Non-Small Cell Lung Cancer: Comparison
Please note this is a comparison between Version 2 by Lily Guo and Version 6 by Nicola Nasser.

Lung cancer is divided to Non-Small Cell Lung Cancer (NSCLC) comprising about 85% of lung cancer cases, and small cell lung cancer (15% of lung cancer cases). Non-small cell lung cancer (NSCLC) has several subtypes: a. Adenocarcinoma, b. Squamous cell carcinoma, c. Large cell carcinoma, or d. mixed histology. Treatment of localized NSCLC is surgical resection, stereotactic ablative radiation therapy, or combination of chemotherapy and radiation (chemoradiation). Treatment of advanced / metastatic disease includes targeted therapies, chemotherapy and immunotherapy. 

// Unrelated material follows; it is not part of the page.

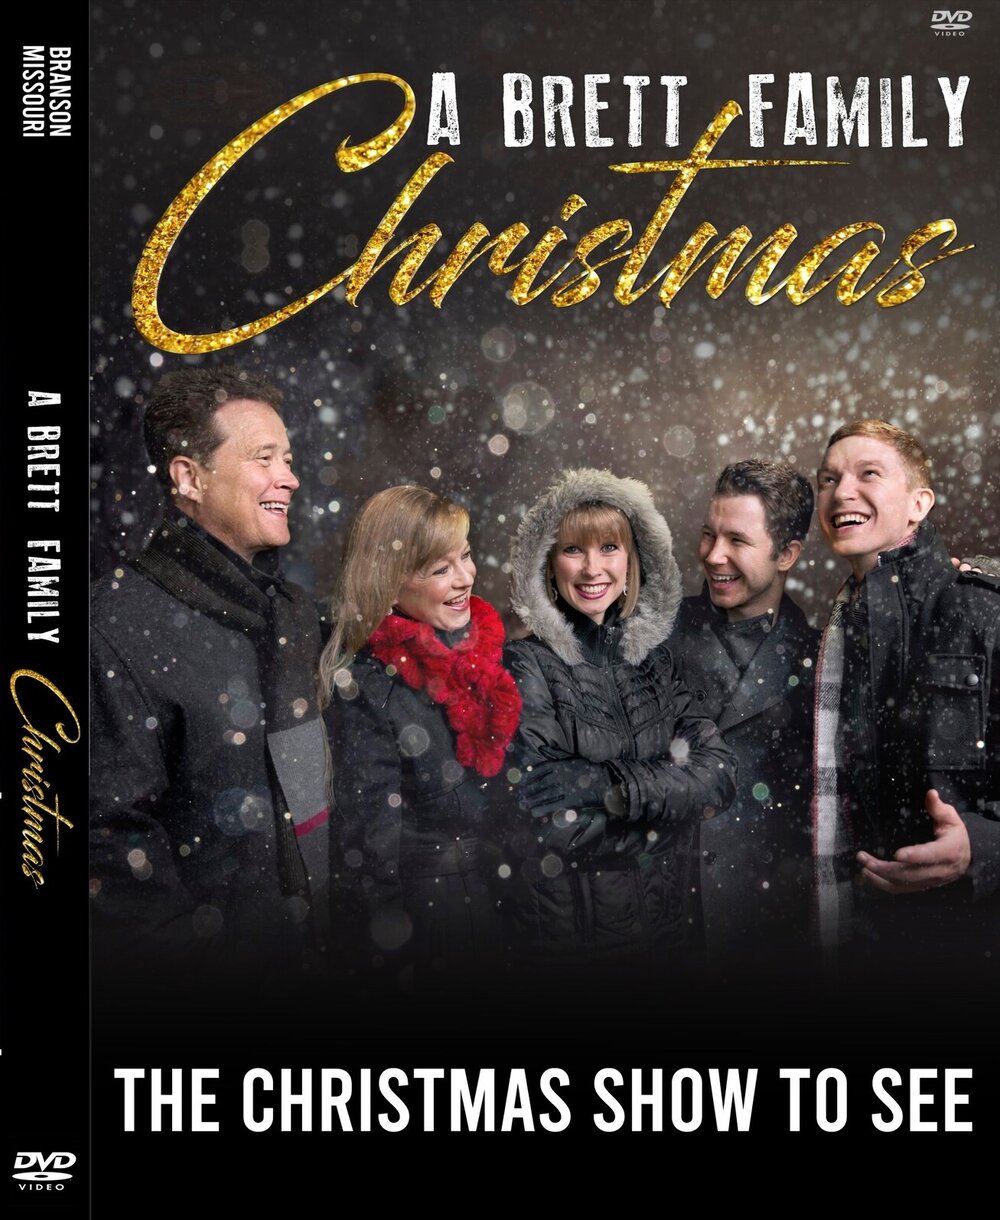 A Brett Family Christmas

Immunotherapy for non-small cell lung cancer (NSCLC) is incorporated increasingly in first line treatments protocols. Multiple phase 3 studies have tested different medications targeting programmed death receptor 1 (PD-1), programmed death-ligand 1 (PD-L1), cytotoxic T-lymphocyte-associated protein 4 (CTLA-4), with or without chemotherapy. The inclusion criteria differ between the various clinical trials, including the cut-off levels of PD-L1 expression on tumor cells, and the tumor histology (squamous or non-squamous).